31 C and it's only April!
After a rather zombie-like existence at work, I woke up back at home craving a workout. It was too hot for the dog, even for a walk, and so I had no excuse not to use the TM. And then, once I got going, I decided to try a few faster intervals.
6 X 1 min fast/1 min recovery. What "fast" was, I have no clue. The display still lacks fresh batteries. But I wasn't after numbers anyway. I wanted to recapture the fluid floating fast pace I'd experienced earlier, and I did. I stretched out and kept things light. Mind you, by the 6th interval, fatigue was accumulating, but it was a relatively effortless workout.
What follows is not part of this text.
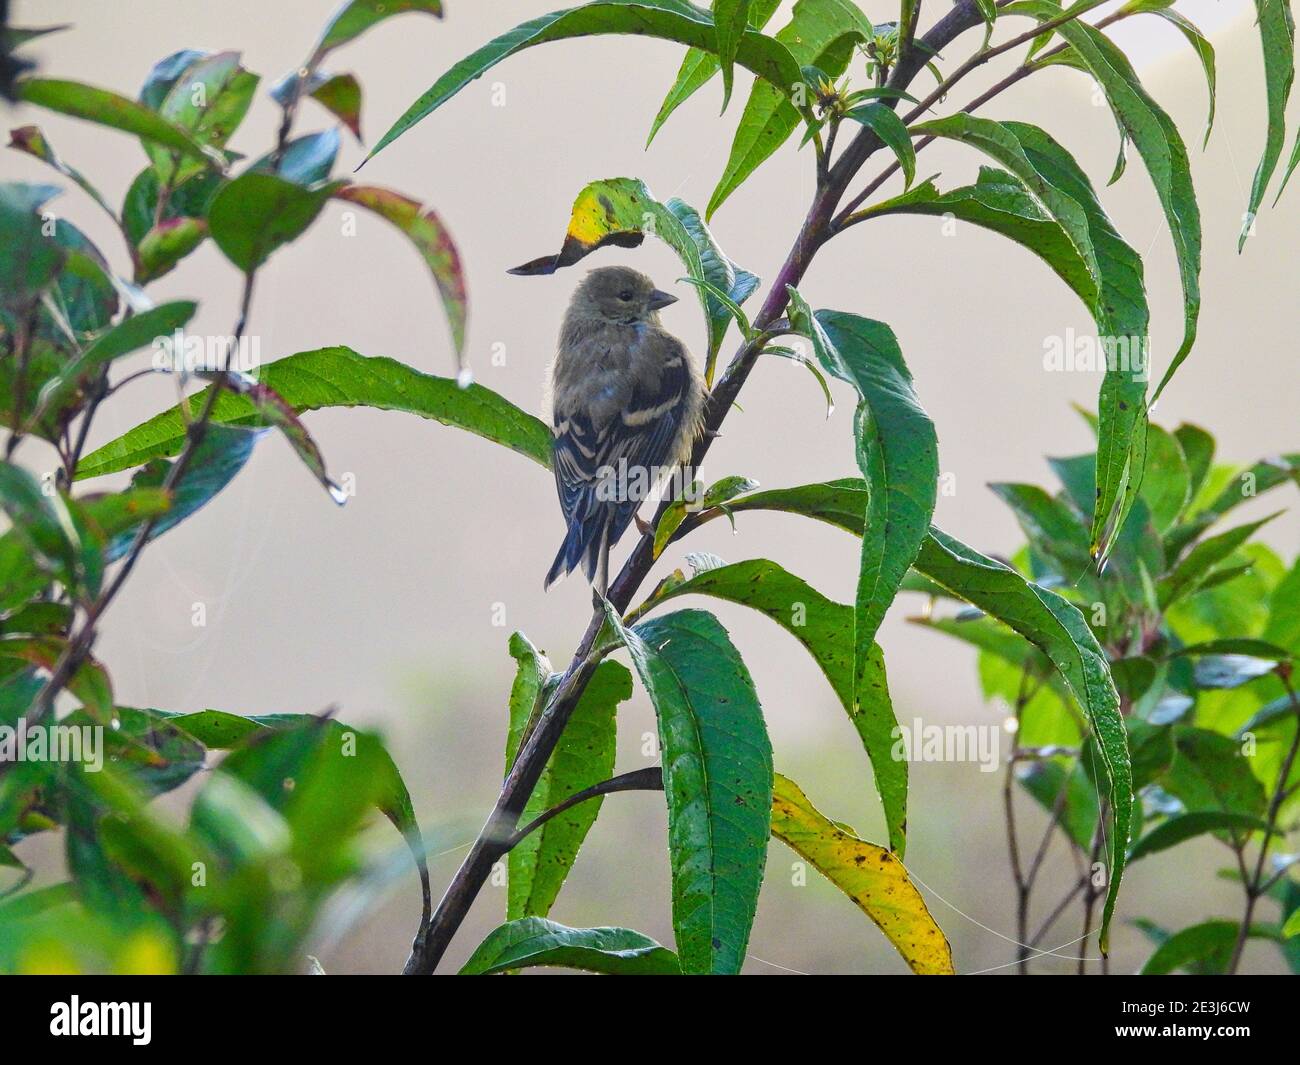 Vogel auf einem Ast: Finch hängt am frühen Morgen an einem grünen Pflanzenstamm mit Wassertröpfchen auf den grünen Blättern, während er sich umsieht Stockfoto

During the intervals, I thought about the usual type of running training, the traditional VO2 max workouts and tempo runs, and sprints, that kind of thing. What I was doing didn't seem to follow one of these workouts, but it felt like a good biomechanical exercise, and it felt right. Perhaps that's the key. My running hobby is at least a decade old, and I've trained for several races with a bunch of hard workouts that were pretty much the same: hard. The more one pushes, the stronger one gets, no pain, no gain, etc. What if that is actually counteractive? Is speed best invited, not forced? What if, instead, I managed to get used to going fast and easy instead of fast and hard? Would this work? It would feel better, at least!
Total today: 5 miles plus exercises afterward.
Yesterday: 3 miles
I still have a few weeks left of the early mornings, but for the time being just 4 more days because then I go home for a week (sibling's wedding). I will hopefully catch up on sleep--definitely, sleep in past 5:00!--and enjoy at least a few flat and true spring runs.